The fact is that the government has been a poor performer with scant action. Yet the laws are on the books and it makes great sense that aggrieved competitors make full use of them.
Technology has allowed a slew of effective monopolies to arise hover gained or even earned. throw in the application of capital monopolies and you have a clear road to abusive behavior. Protocols to tame this tendency have been missing.
After all, it was capital monopoly that produced slavery and not the other way around. All forms of monopoly end up settling into a capital based monopoly. This can be countered by forced de - monopolization allowing further capital investment and direct competition. ..

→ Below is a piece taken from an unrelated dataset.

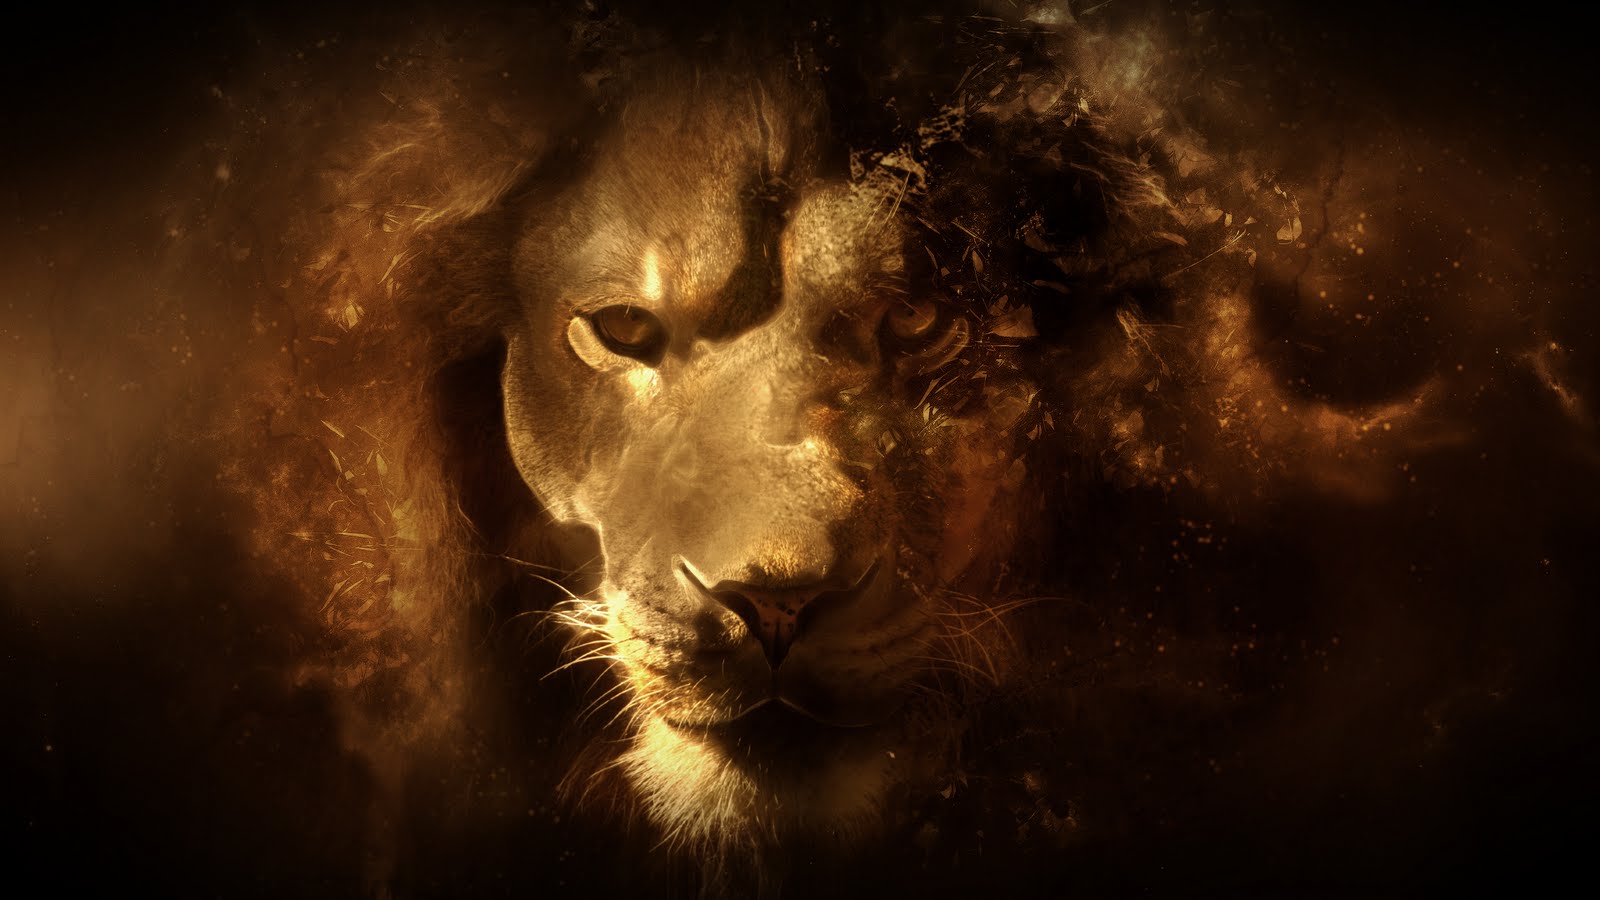 Lion Desktop Wallpaper HD

Companies are focused on antitrust violations, and Apple’s heavily in the mix
As regulators continue to move at a glacial pace, Axios reports that companies themselves are subjecting rivals to charges of unfair monopolies to disrupt Big Tech market dominance.
First
established as the Sherman Act in 1890, antitrust laws were put into
place to allow the government to set up roadblocks to neutralize major
monopolistic behavior.
Keepin’ the competition honest
In 2016, we saw Walmart file an antitrust suit against the “big three” tuna providers (Chicken of the Sea, StarKist, and BumbleBee) over fixing canned-tuna prices.
But wait, there’s more...
Apple’s not far from the antitrust tree either
The tech powerhouse is getting caught up on both sides of the coin.
In a private antitrust action of sorts, The NYT and WaPo told Apple to “kick rocks”
when it asked the storied news publications to join Apple’s news
service that offers access to a variety of publications for a fixed
price of $9.99.
Of course, it’s the 50% cut of each publication’s subscription revenue demanded by Apple that the news producers are balking at.
Then yesterday, Apple and Qualcomm settled their two years-long tussle over the
5% royalty the chip-making giant was netting on all iPhone sales -- a
move Apple has long called an unfair monopoly due to the company’s
chip-making prowess.
But wait, there’s more
Last month it was Spotify that filed a complaint against Apple for its insane 30% tax on app store purchases (yes, the same reason Apple sued Qualcomm).
This comes after a group of iPhone users sued Apple for the exact same thing.